Another way of cooking chicken (preferred in my house) is to bring the cut up bird up to room temperature.  Dry it with paper towels.  Coat with egg wash, dredge in seasoned flour.  Shake off excess flour.  Fry in 360' oil until lightly browned on both sides.  Move pieces to a foil-lined baking sheet, and bake for 40 minutes at 350' F.  The chicken has a lightly crisped skin, is not greasy, and is so juicy that when you bite it, it squirts you.  I sometimes change the coating method by dredging in seasoned flour, then egg wash, then in panko bread crumbs, frying, then baking.  Add coconut to the panko bead crumbs for another take on this classic chicken.

Seeeeeeya; Chief Longwind of the North


----------



## Harry Cobean (May 18, 2012)

jennyema said:


> You can buy it at gourmet and specialty stores.
> 
> I bought a tube because it has all the right umami ingredients in it (tomato, anchovy, mushroom, etc) but it's waaaaay to sweet, IMO.
> 
> I think the addition of sugar is a big mistake, as one would generally be using it in savory cooking.  If the user wants to, they can always add sugar to whatever they are cooking, but the sweet flavor of the paste affects how you can use it.





taxlady said:


> Thanks for the warning about sweetness. I'm really not a fan of sweet with my savoury. I guess I'll look for a recipe to make it myself.


good morning
i guess that there are different manufacturers recipes which may account for the sweetness thing.i haven't detected any sweetness in the brand i buy.it's a laura santtini preparation & the ingedients are:
Tomato Puree,Garlic ,Anchovy Paste (Anchovies, Salt, Sunflower Oil)  ,Black Olive ,Balsamic Vinegar ,Porcini Mushrooms ,Parmesan Cheese  ,Olive Oil ,Vinegar ,Sugar ,Salt.
don't know if its the same in the states but over here the printed list of ingredients starts with the highest proportion 1st & the lowest last.in this one the sugar content is next to last.there are some naturally "sweet" ingredients in there too-tomato puree,balsamic vinegar & parmesan all have sweet notes so,again,i guess it depends on the individual mix for that brand.
got all the ingredients in the cupboard so might just try making some myself too tax!


----------



## kitchengoddess8 (Jul 6, 2012)

Good news. Raising the oven temperature and coating the chicken thighs with olive oil seems to be working but sometimes the meat is a bit dry. Any suggestions on how to get the meat a bit more tender?


----------



## Chief Longwind Of The North (Jul 6, 2012)

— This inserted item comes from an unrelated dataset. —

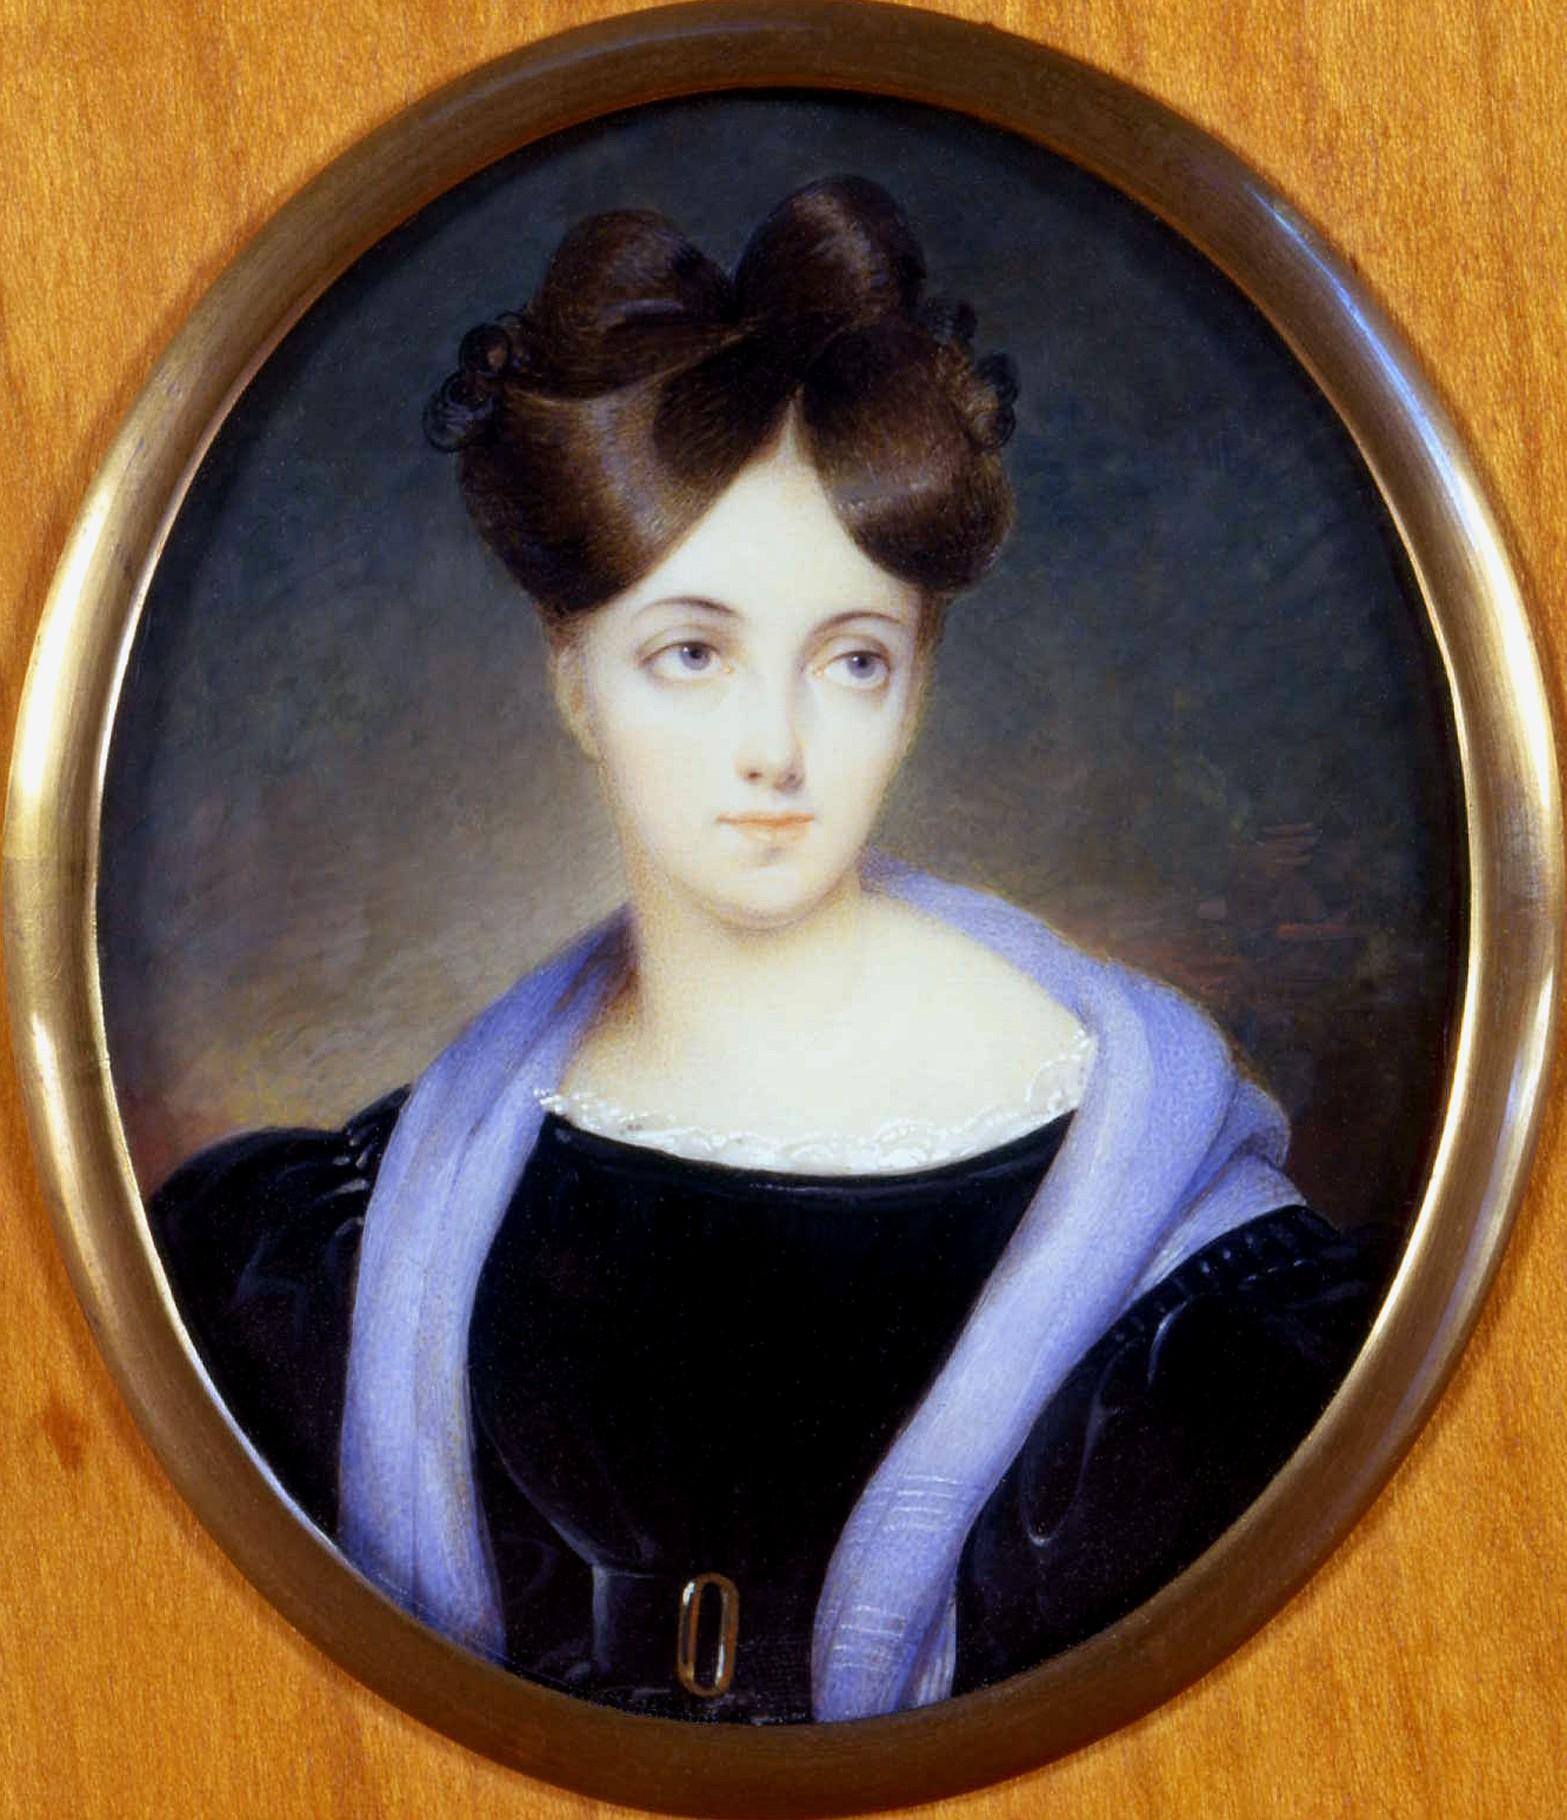 Miniature de Eliza Dillon-Guizot. Collection particulière de François Louchet.

If the meat is dry, you are cooking it too long.  Pull the chicken when the juices run clear, and let rest for ten minutes or so before serving.

Seeeeeeya; Chief Longwind of the North


----------



## taxlady (Jul 6, 2012)

Chief Longwind Of The North said:


> If the meat is dry, you are cooking it too long.  Pull the chicken when the juices run clear, and let rest for ten minutes or so before serving.
> 
> Seeeeeeya; Chief Longwind of the North


+1


----------



## kitchengoddess8 (Jul 6, 2012)

Chief Longwind Of The North said:
			
		

> If the meat is dry, you are cooking it too long.  Pull the chicken when the juices run clear, and let rest for ten minutes or so before serving.
> 
> Seeeeeeya; Chief Longwind of the North



Thanks! I baked it at 400 for 40 minutes. Do you think I should go higher than 400 and shorten the time?


----------



## Andy M. (Jul 6, 2012)

kitchengoddess8 said:


> Thanks! I baked it at 400 for 40 minutes. Do you think I should go higher than 400 and shorten the time?

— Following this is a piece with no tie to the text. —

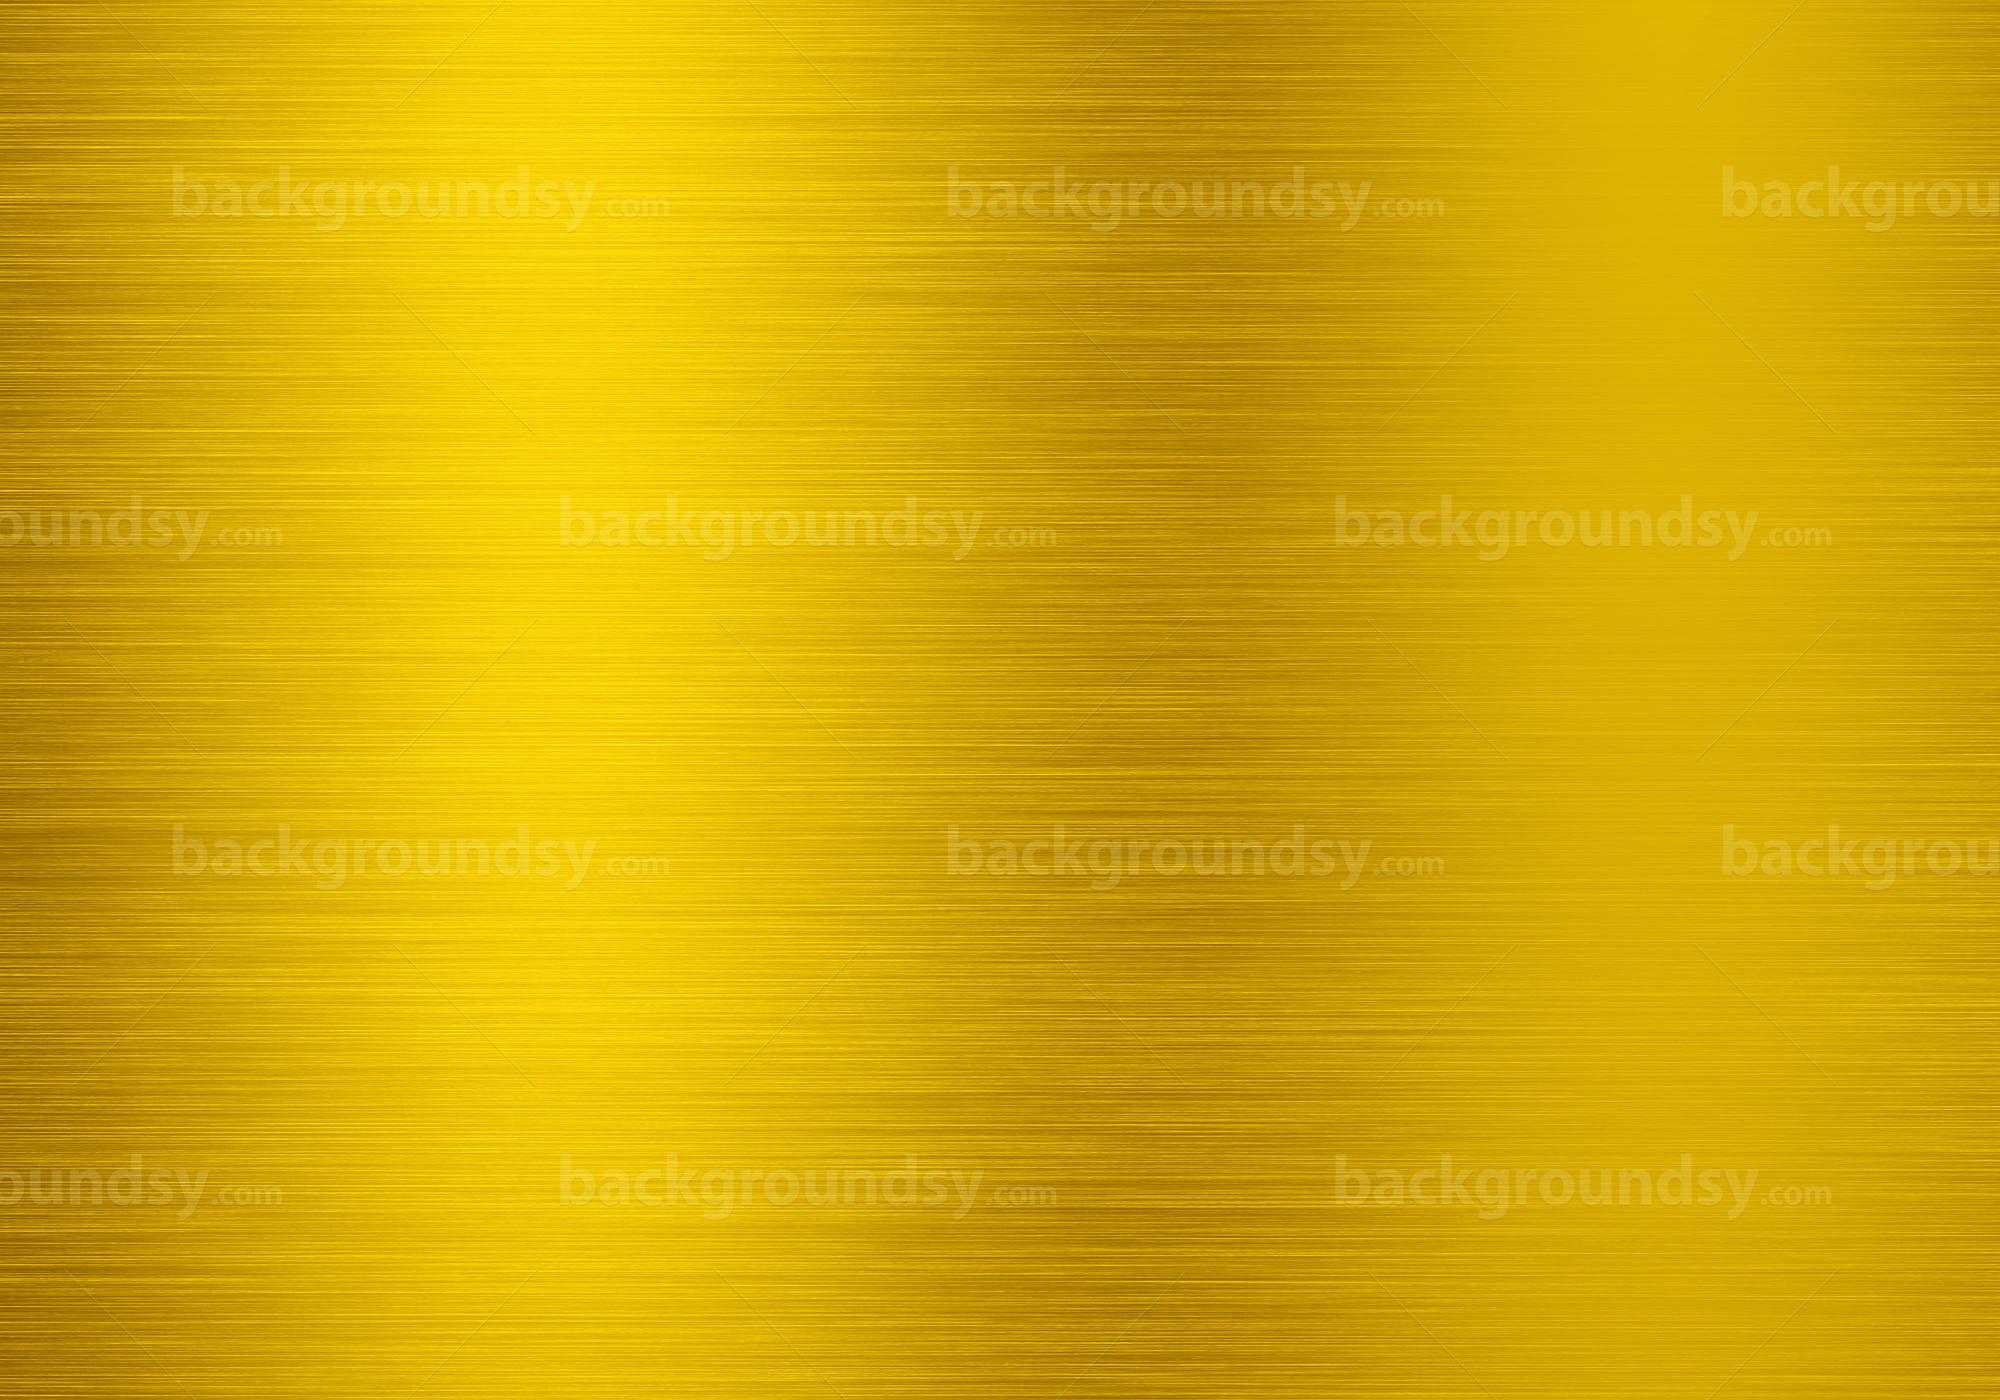 Yellow metal  Backgroundsycom

You have to cook it less.  So same temp, less time.  Try 30 minutes @ 400ºF.


----------



## kitchengoddess8 (Jul 6, 2012)

Andy M. said:
			
		

> You have to cook it less.  So same temp, less time.  Try 30 minutes @ 400ºF.

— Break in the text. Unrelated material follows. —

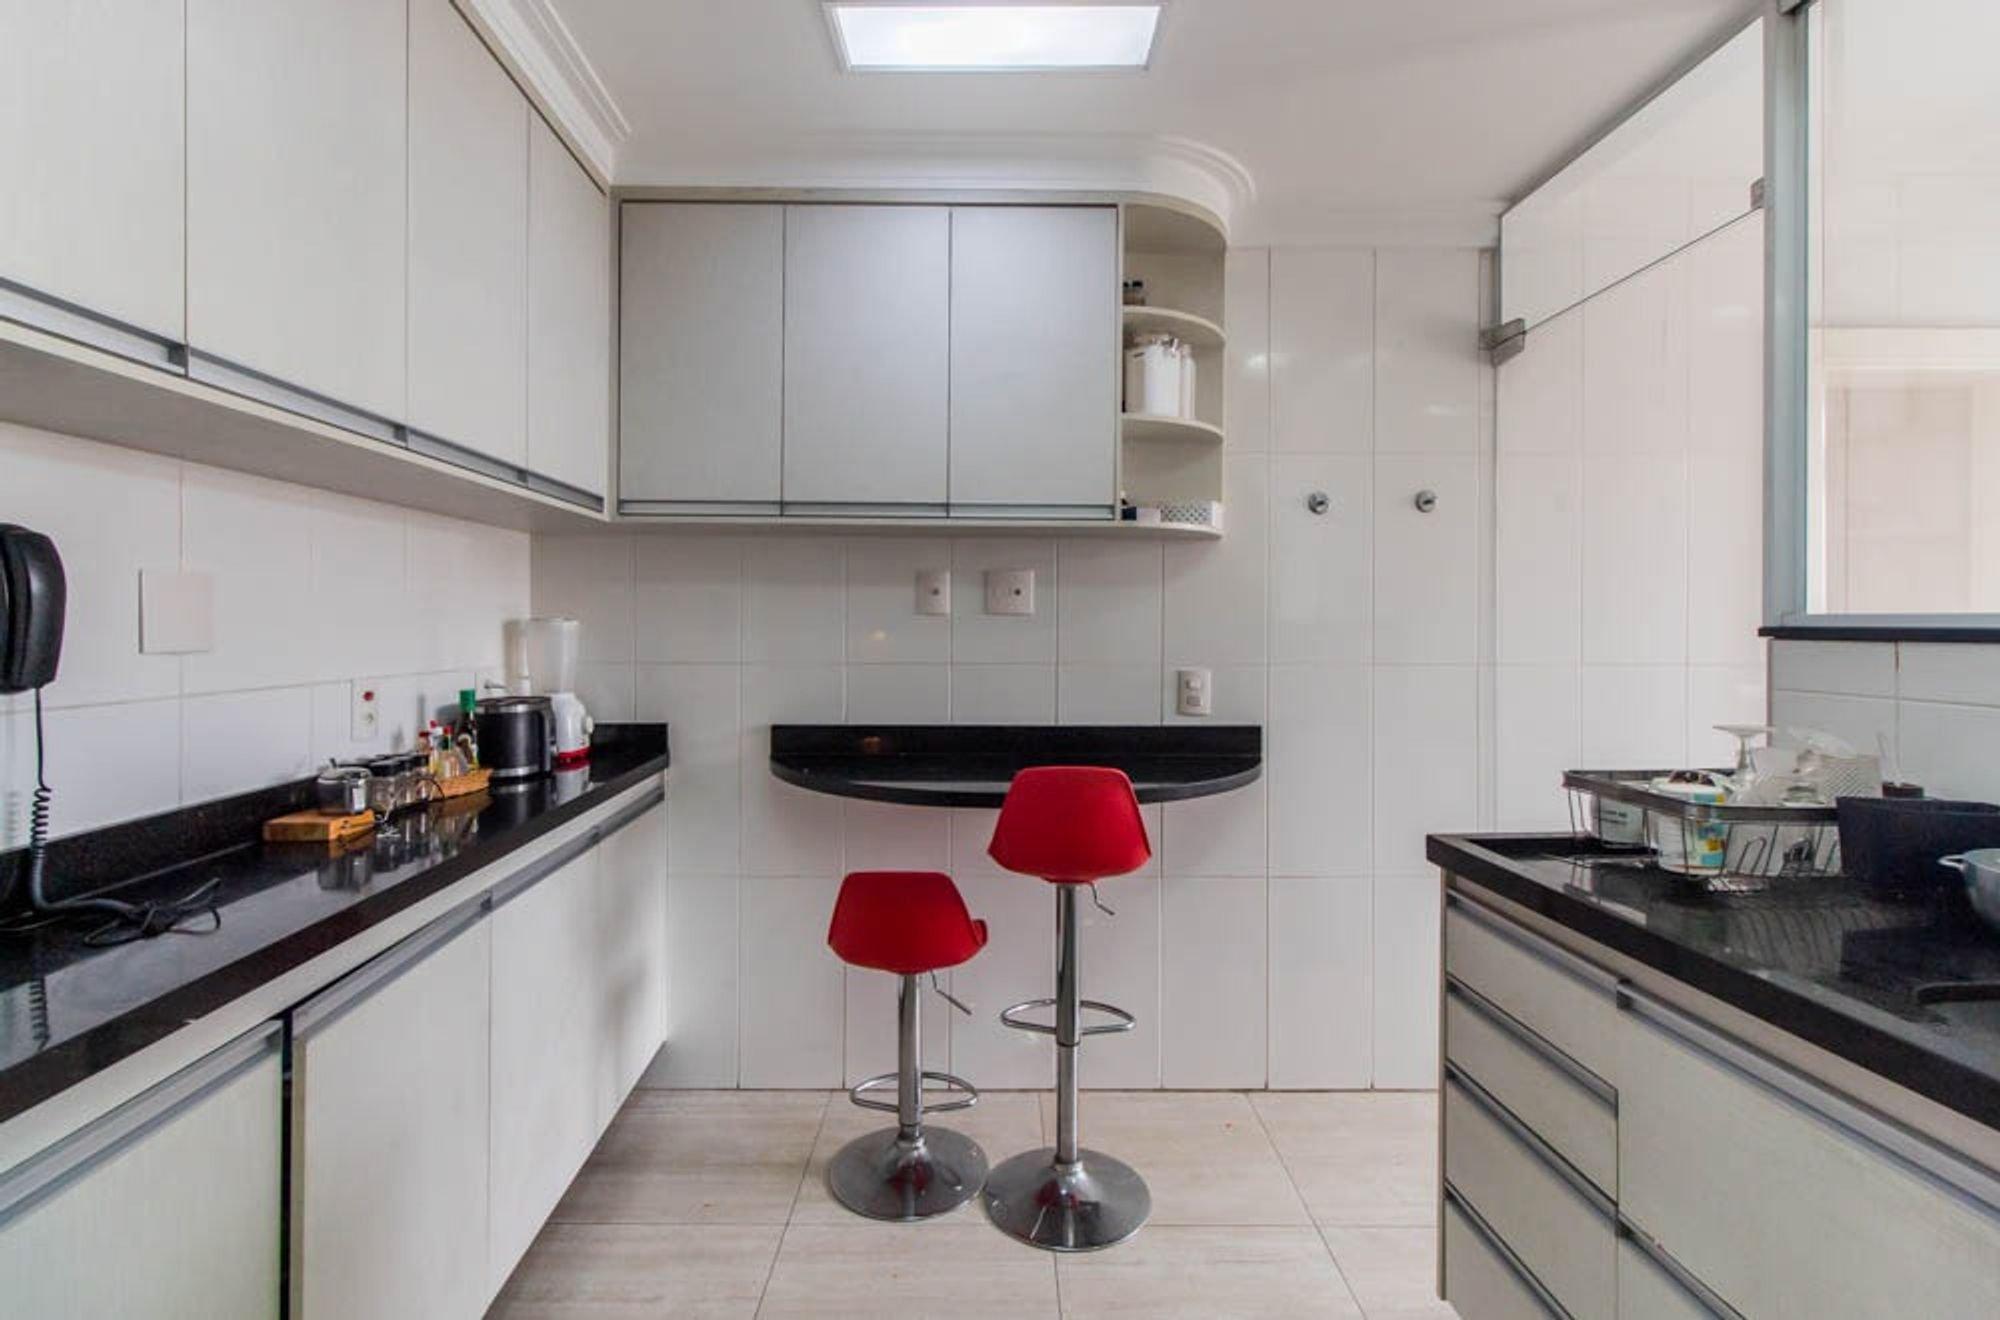 Foto de Cozinha com tigela, cadeira

Ok I'll try that and post the results.


----------



## Andy M. (Jul 6, 2012)

You really should get an instant read thermometer so you can by temp rather than time.


----------



## kitchengoddess8 (Jul 6, 2012)

Andy M. said:
			
		

> You really should get an instant read thermometer so you can by temp rather than time.



I've never used one. What do I need to do?


----------



## Andy M. (Jul 6, 2012)

kitchengoddess8 said:


> I've never used one. What do I need to do?



You can find digital (not a dial type) instant read thermometers in kitchen stores or places like Target or Wal-Mart, etc.

Taylor and Polder are reliable brands.  You can find them for as little as $10.

All you have to do is turn it on and stick the tip of the probe into the thickest part of the meat and let the temperature register.  You sill see the numbers climbing on the display.  When it stops, that's the temp of the meat.  Test a couple of different parts of the meat to be sure.  All chicken is cooked safely at 161ºF.  I find thigh meat has a better texture around 180ºF-185ºF.  Breast meat will be dry and tough at thigh temps so stick to the low to mid 160s.


----------



## kitchengoddess8 (Jul 8, 2012)

Andy M. said:
			
		

> You can find digital (not a dial type) instant read thermometers in kitchen stores or places like Target or Wal-Mart, etc.
> 
> Taylor and Polder are reliable brands.  You can find them for as little as $10.
> 
> All you have to do is turn it on and stick the tip of the probe into the thickest part of the meat and let the temperature register.  You sill see the numbers climbing on the display.  When it stops, that's the temp of the meat.  Test a couple of different parts of the meat to be sure.  All chicken is cooked safely at 161ºF.  I find thigh meat has a better texture around 180ºF-185ºF.  Breast meat will be dry and tough at thigh temps so stick to the low to mid 160s.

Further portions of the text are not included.